— Да.

— Но… — хочу сказать что-то еще, но мне не позволяют, в прямом смысле этого слова, просто-напросто закрывая рот пальцем.

— Тихо, Стайл, могу устроить вашу встречу, когда мы вернемся, с ней все нормально, не беспокойся так.

— А мы можем вернуться? — Изумленно спрашиваю, нервно теребя сережку в ухе.

Я хочу вернуться, правда, вакуум, в котором я нахожусь, порой напрягает, мне хочется вернуть если не прежнюю жизнь, то хотя бы ее подобие. С дядей увидеться, наконец, поговорить о том, как так получилось, что я его дочь. Да и Бекка беспокоит, пока не увижу ее — не поверю, что все хорошо.

— Да, но немного позже, не сейчас.

— Откуда ты столько знаешь? О Бекке, обо всем? — Это, скорее, не вопрос, так — констатация.

— Я же говорил, что все держу под контролем.

Все… Это не вмещается в моей голове, как можно ВСЕ держать под контролем, но мужчина искренен в своих словах, а мне остается только проанализировать происходящее со мной, чтобы понять, что это правда. Немного страшная, на самом деле, но правда.

*24/7 — тематические отношения, носящие непрерывный характер, продолжающиеся 24 часа в сутки, 7 дней в неделю (в отличие от сеансовых форм БДСМ).

ГЛАВА 33

Время летит слишком быстро, когда над тобой больше не нависает угроза. Оно тут же ускоряет свой бег, а ты, наконец, перестаешь постоянно оглядываться назад в поиске людей, что желают тебе зла. Ведь если Мрак сказал, что он договорился и нам больше незачем опасаться — так оно и было. Бекку с Мраком мы больше не обсуждали, я только несколько раз спрашивала, все ли хорошо, больше не затрагивая тему, о которой мужчина не особо хотел разговаривать, он вообще редко что-то объяснял, постоянно твердя: "я все решу, обо всем подумаю, расслабься", но разве тут усидишь на месте? Успокоишься, когда столько всего происходит вокруг? Мне было о чем подумать.

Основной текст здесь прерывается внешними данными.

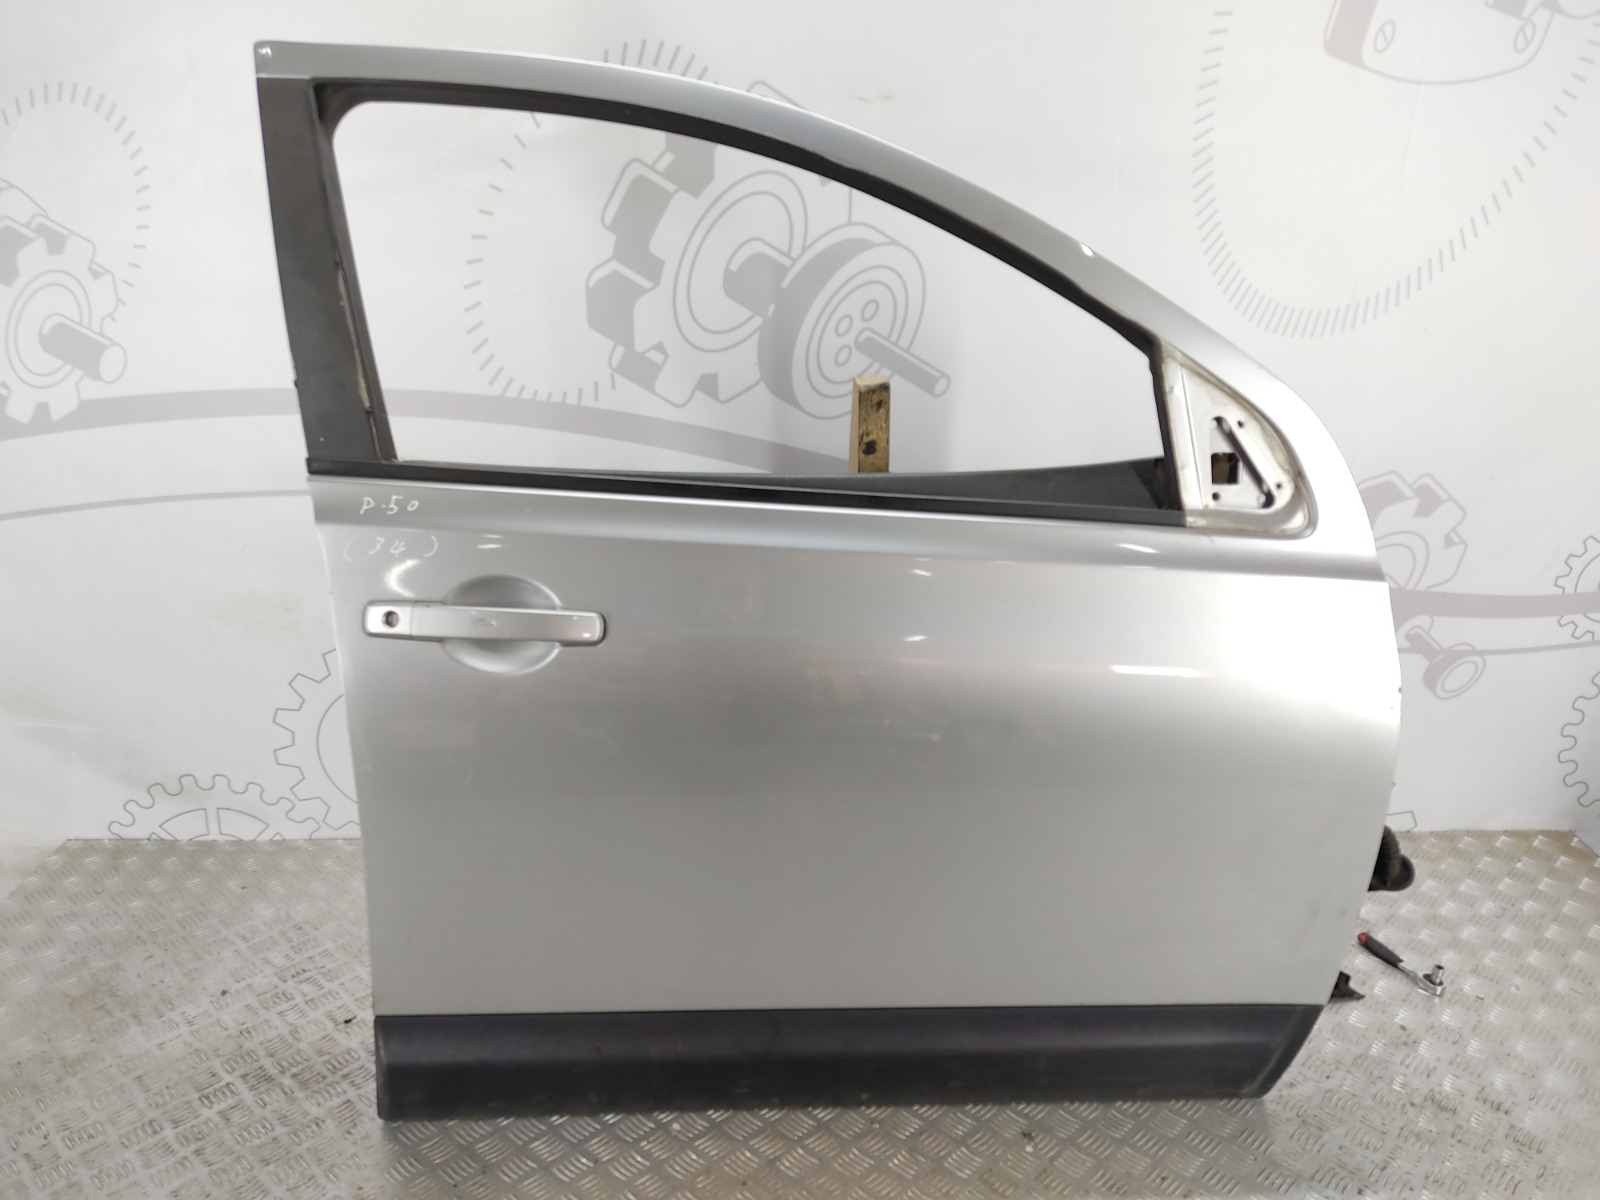 Дверь передняя правая Nissan Qashqai 2.0 DCI 2008 (б/у)

Да, пусть он говорил, что подруга добровольно… что? Даже язык не поворачивается такое выговорить. Попала в рабство? Стала вещью? Или это такие жесткие тематические отношения, когда он полноценный хозяин, а она рабыня? Сложно представить, что она могла на такое согласиться. Ей стоило обратиться в полицию еще когда произошел первый инцидент, тогда она больно была похожа на жертву насилия. Ну и что, что забыла стоп-слово, это не умаляет того, что он с ней сделал. Единственное, что осознавала — я ничем не помогу. От меня ничего не зависит, и если Мрак говорит, что она принимает такие отношения — я не смогу на это повлиять, только иногда интересоваться, все ли с ней нормально, но Мрак уверял, что да, а я склонна ему верить, особенно после всего, что он для меня сделал.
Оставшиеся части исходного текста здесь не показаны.